> _Source material_:
****************************************
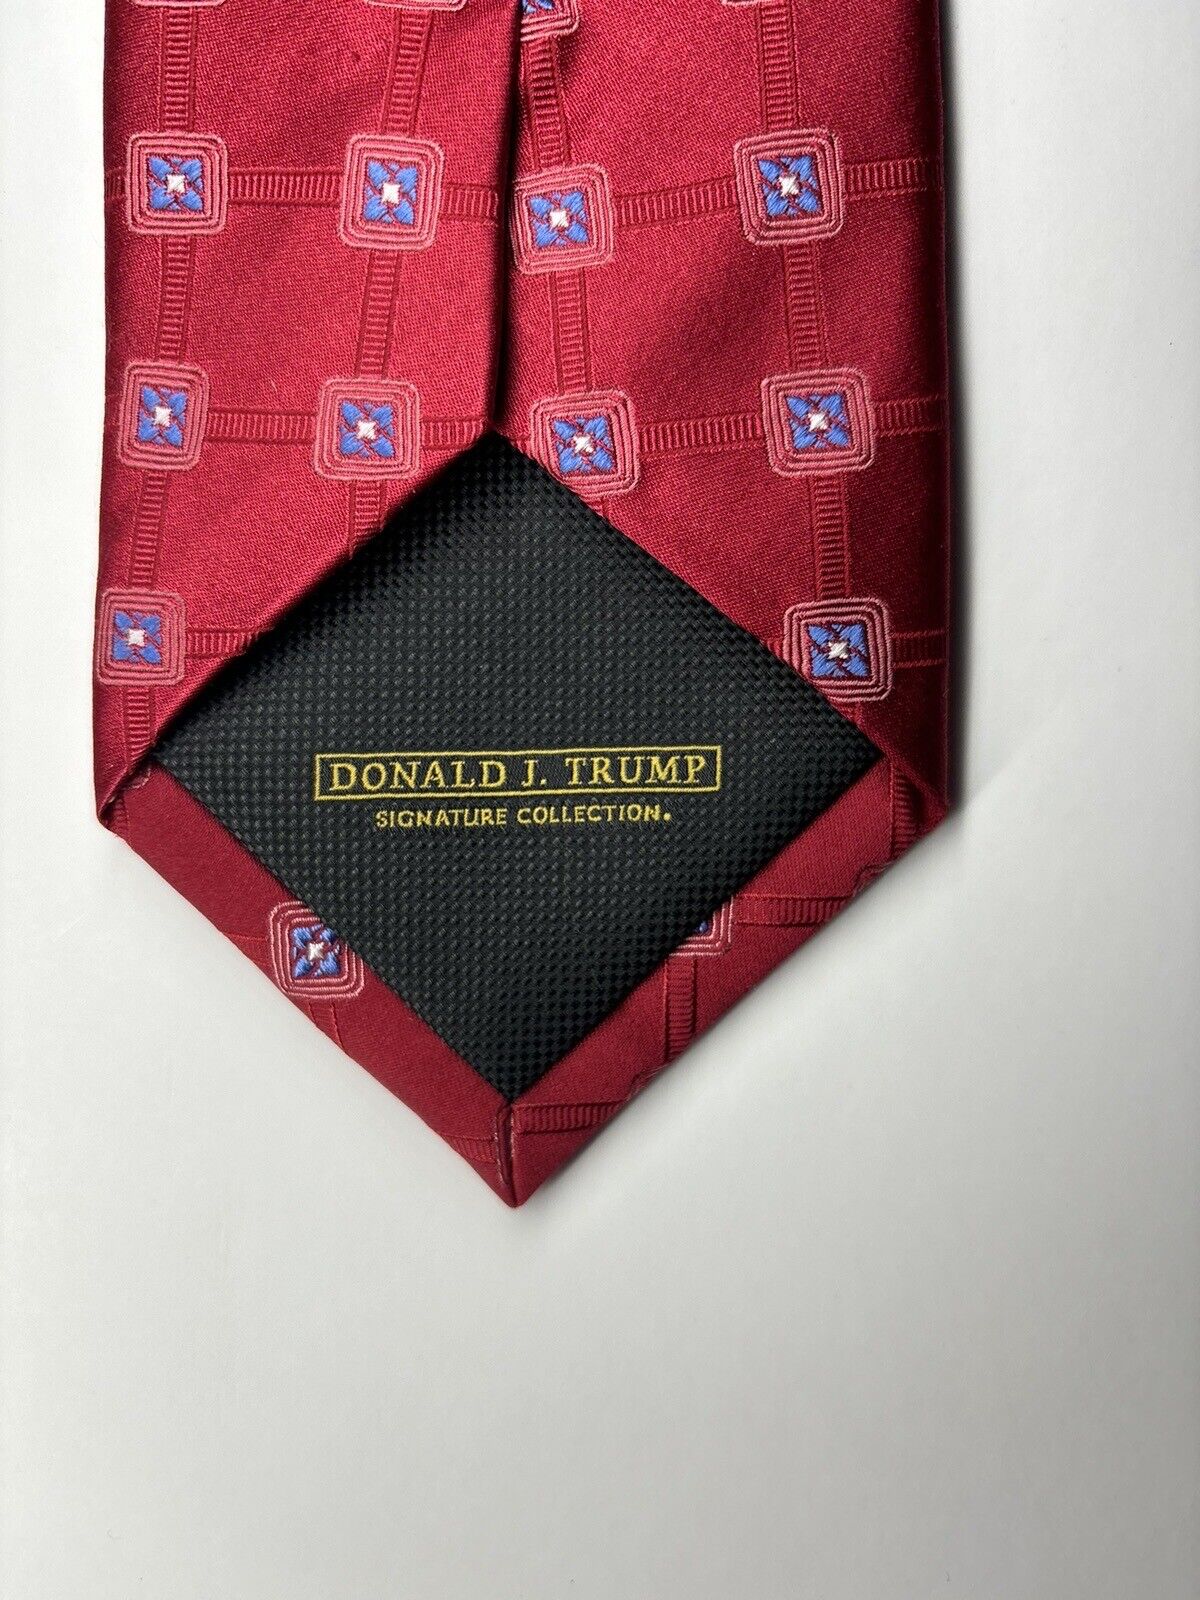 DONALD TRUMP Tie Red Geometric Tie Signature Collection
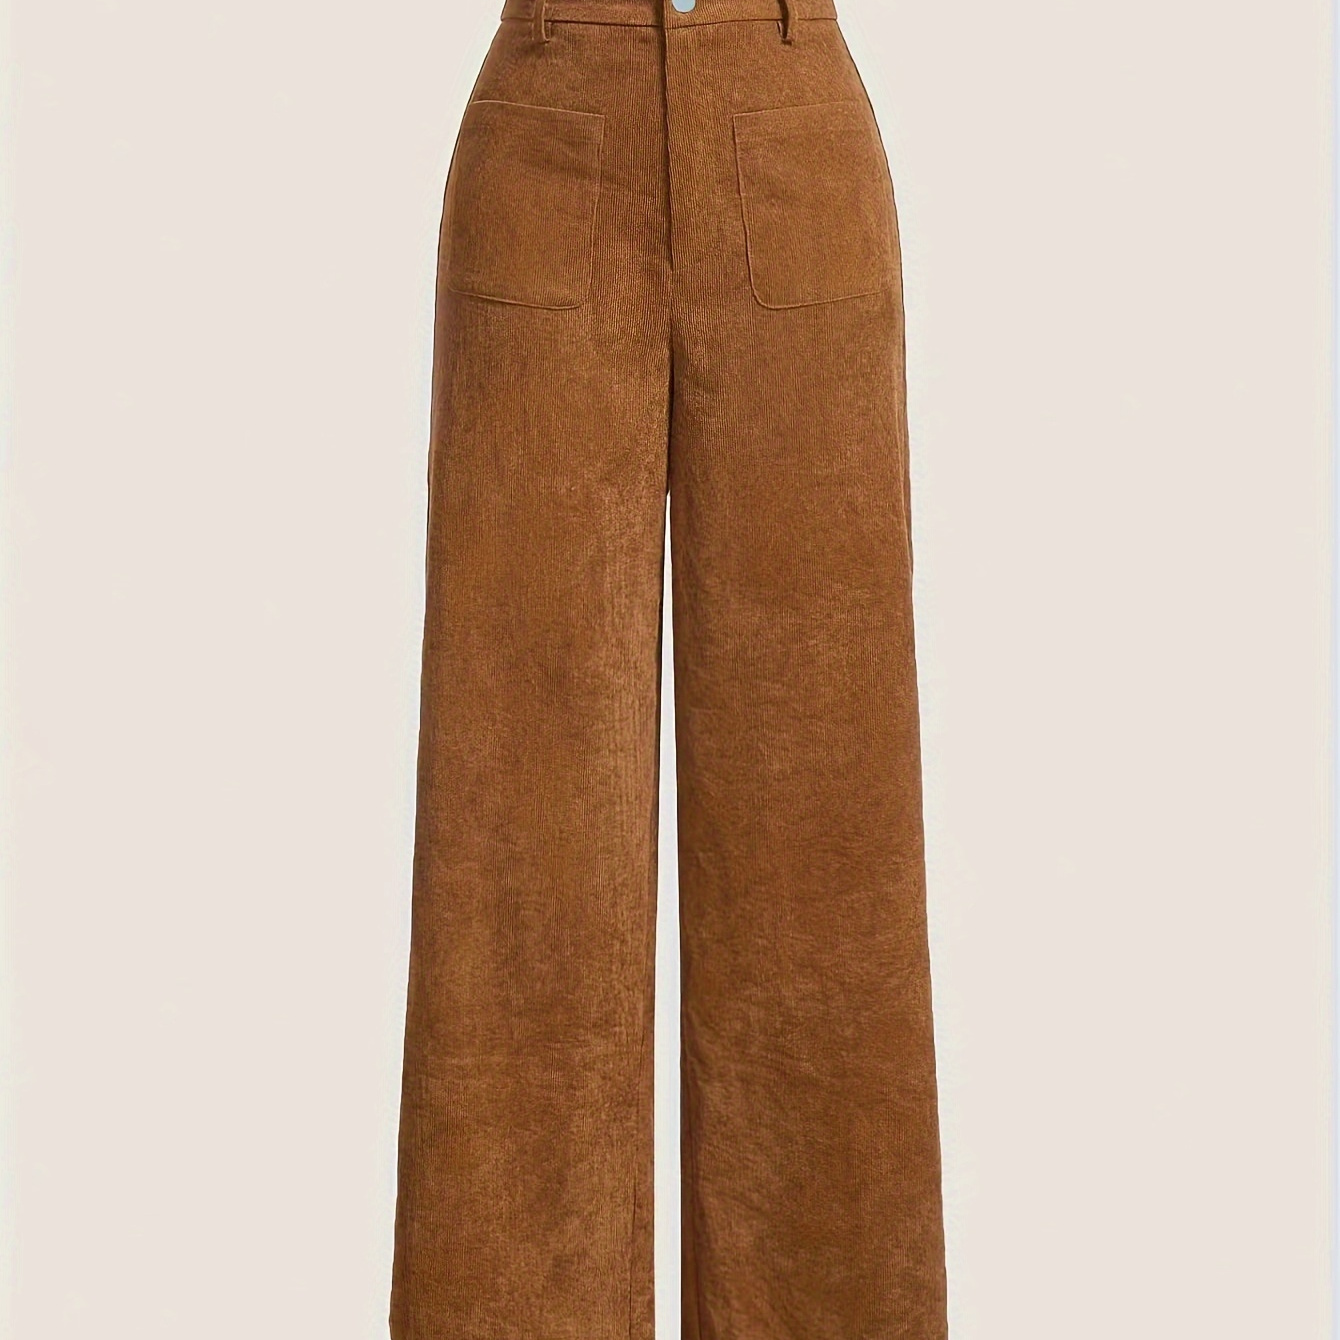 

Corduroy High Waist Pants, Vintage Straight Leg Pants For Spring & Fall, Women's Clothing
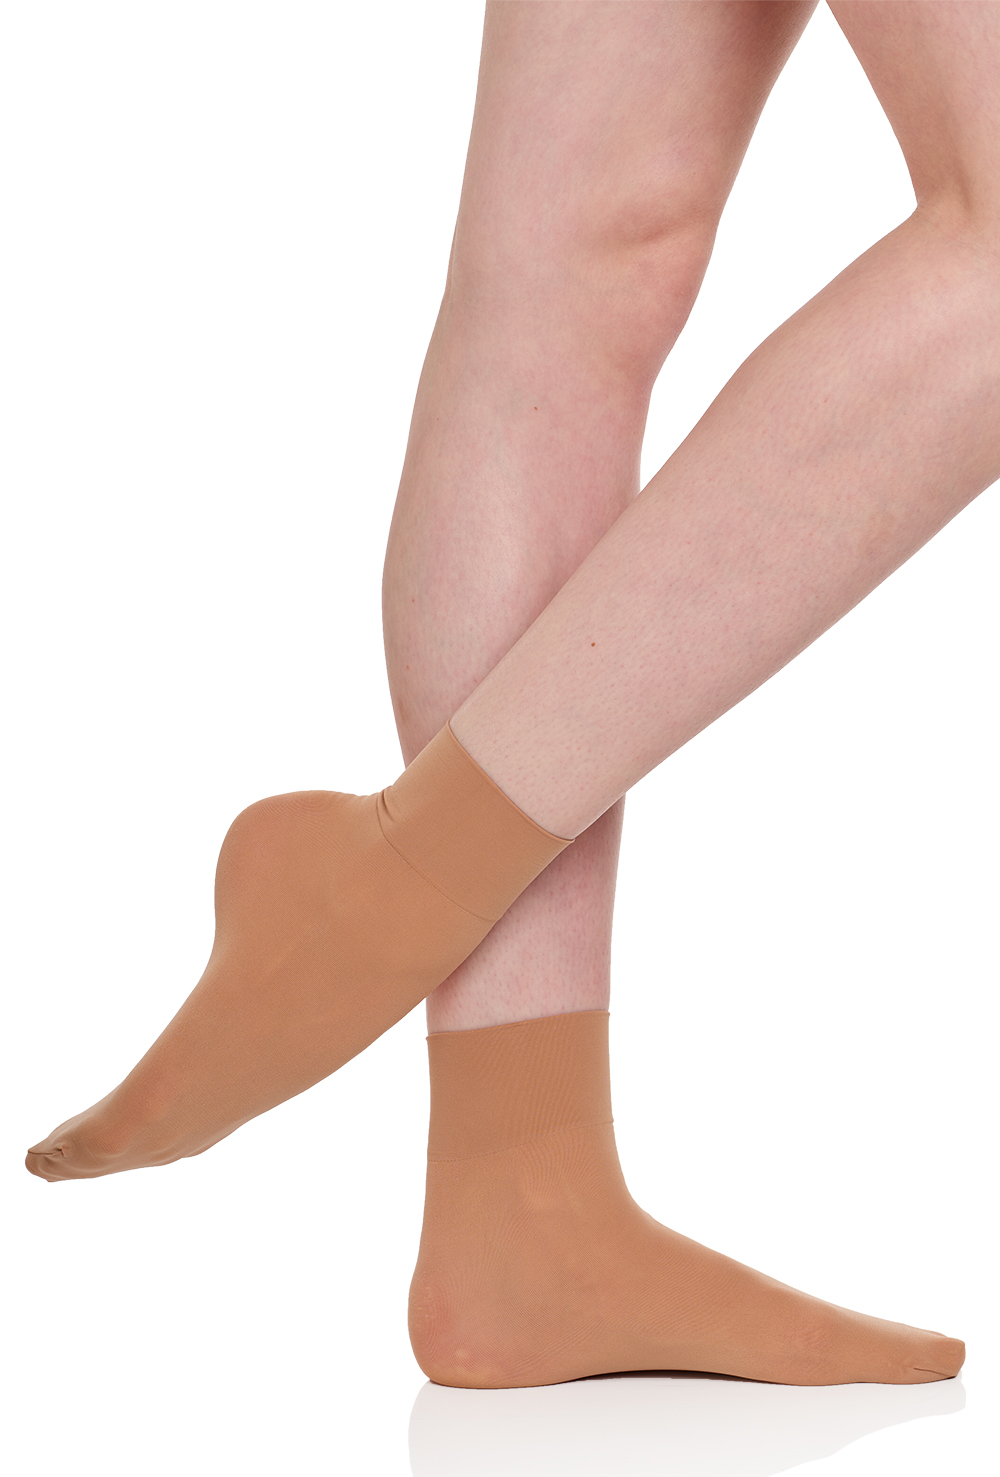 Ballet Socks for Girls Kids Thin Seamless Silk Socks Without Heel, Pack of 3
****************************************
> _Task to carry out_: Transcribe all the data word for word; the images stay out.

> _Task answer_:
 DONALD TRUMP Tie Red Geometric Tie Signature Collection

Corduroy High Waist Pants, Vintage Straight Leg Pants For Spring & Fall, Women's Clothing
 Ballet Socks for Girls Kids Thin Seamless Silk Socks Without Heel, Pack of 3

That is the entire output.